Der Name Christoph Columbus Kolumbus ist weltbekannt, weil er oft als der Entdecker Amerikas gilt. Kolumbus wurde um das Jahr 1451 herum im heutigen Italien geboren und starb 1506 in Spanien. 1492 erreichte er mit drei Schiffen eine Insel der Bahamas vor der nordamerikanischen Küste. Eigentlich sollte er einen Seeweg nach Indien finden. Dass in westlicher Richtung zwischen Europa und Asien der amerikanische Kontinent liegt, wusste er nicht, bis er dort landete.

Leif Erikssson

Allerdings war Kolumbus anders als lange angenommen nicht der erste Reisende, der Nordamerika erreichte. Fast 500 Jahre vor Kolumbus legte bereits der Wikinger Leif Eriksson auf dem Kontinent an. Sein Leben und seine Reise sind weniger bekannt als die von Kolumbus, doch es wird angenommen, dass Eriksson um 970 auf Island geboren wurde und etwa 1020 in Grönland starb.
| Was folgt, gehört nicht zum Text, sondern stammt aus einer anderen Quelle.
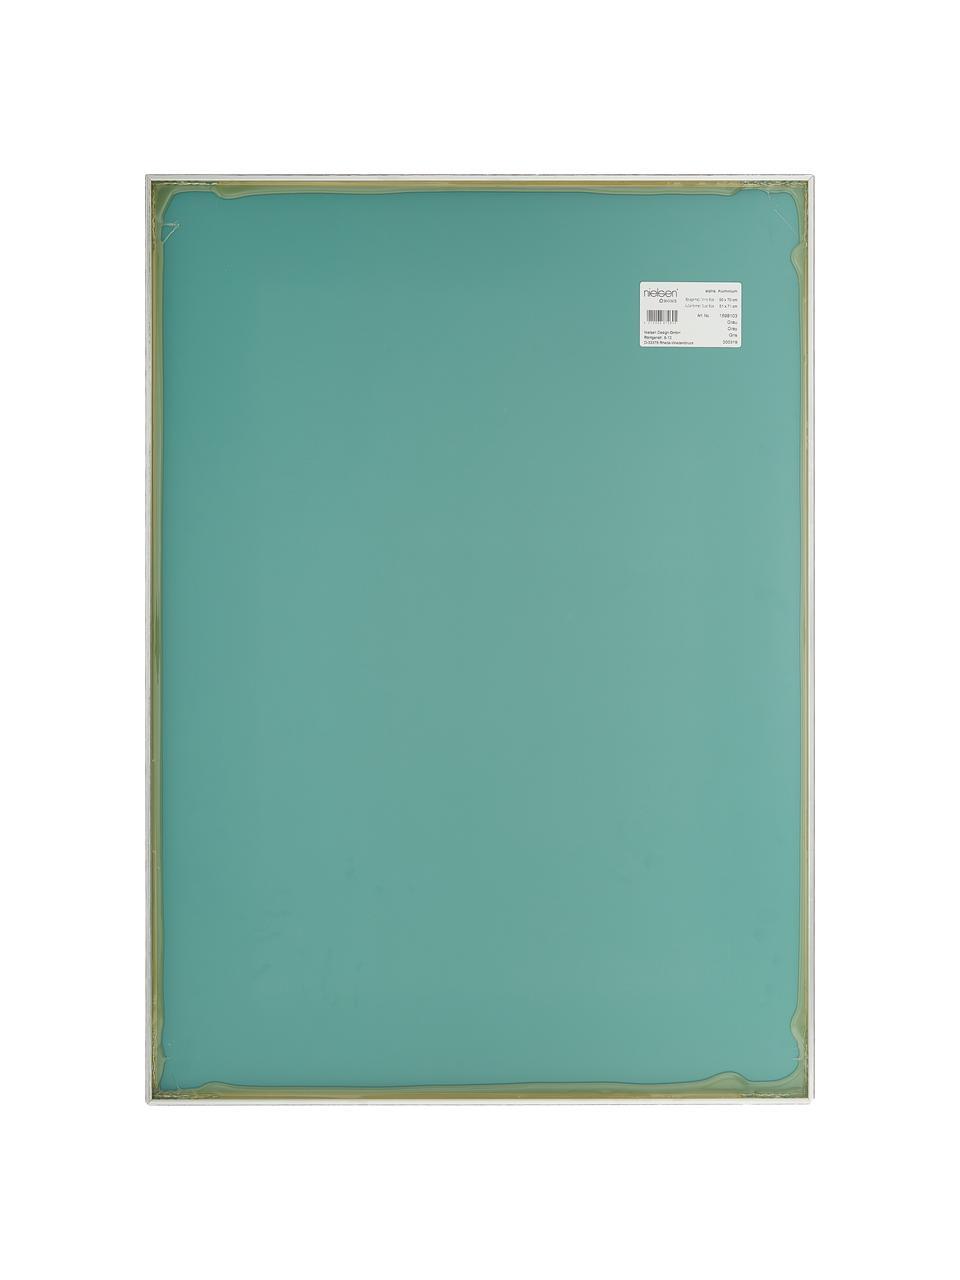 Specchio da parete con cornice in alluminio Alpha, Cornice: alluminio rivestito, Superficie dello specchio: lastra di vetro, Grigio, Larg. 50 x Alt. 70 cm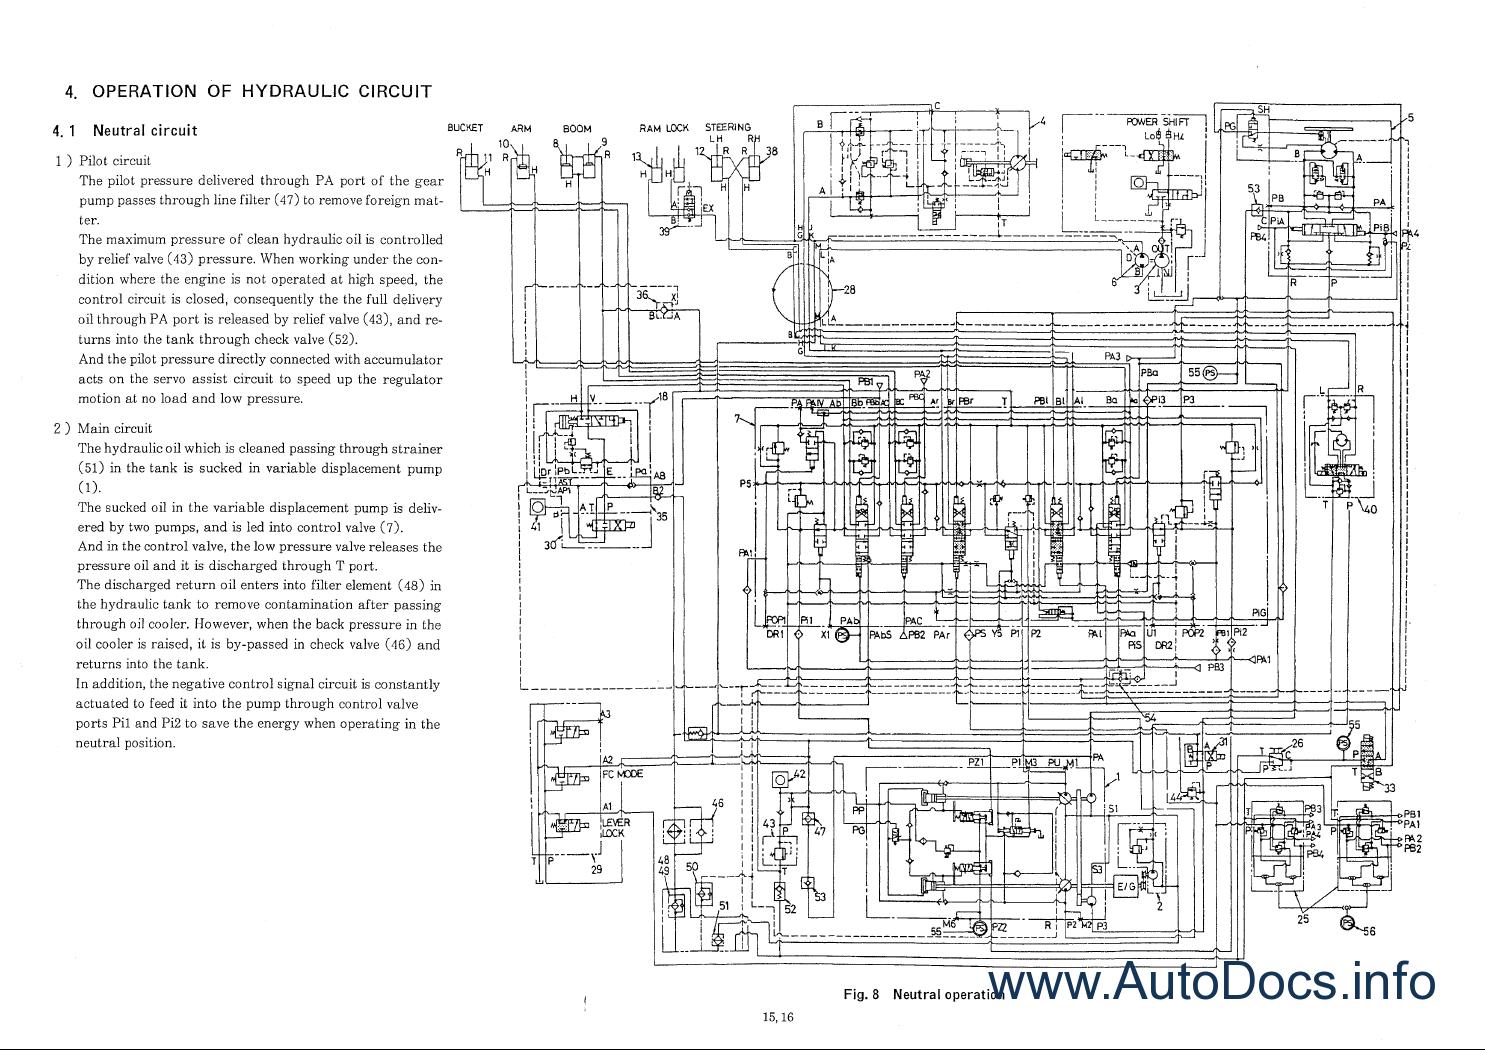 Kobelco Sk210 Wiring Diagram 2000 Hyundai Tiburon Engine Wiring ...

Das Land, das er entdeckte, nannte er „Vinland“ und es entspricht wahrscheinlich dem heutigen Neufundland weit im Norden Nordamerikas.

Vasco da Gama

Zwei weitere bekannte Entdecker stammen beide aus Portugal: Vasco da Gama und Ferdinand Magellan. Sie lebten beide etwa zur selben Zeit, Magellan von 1480 bis 1521 und da Gama von 1469 bis 1524.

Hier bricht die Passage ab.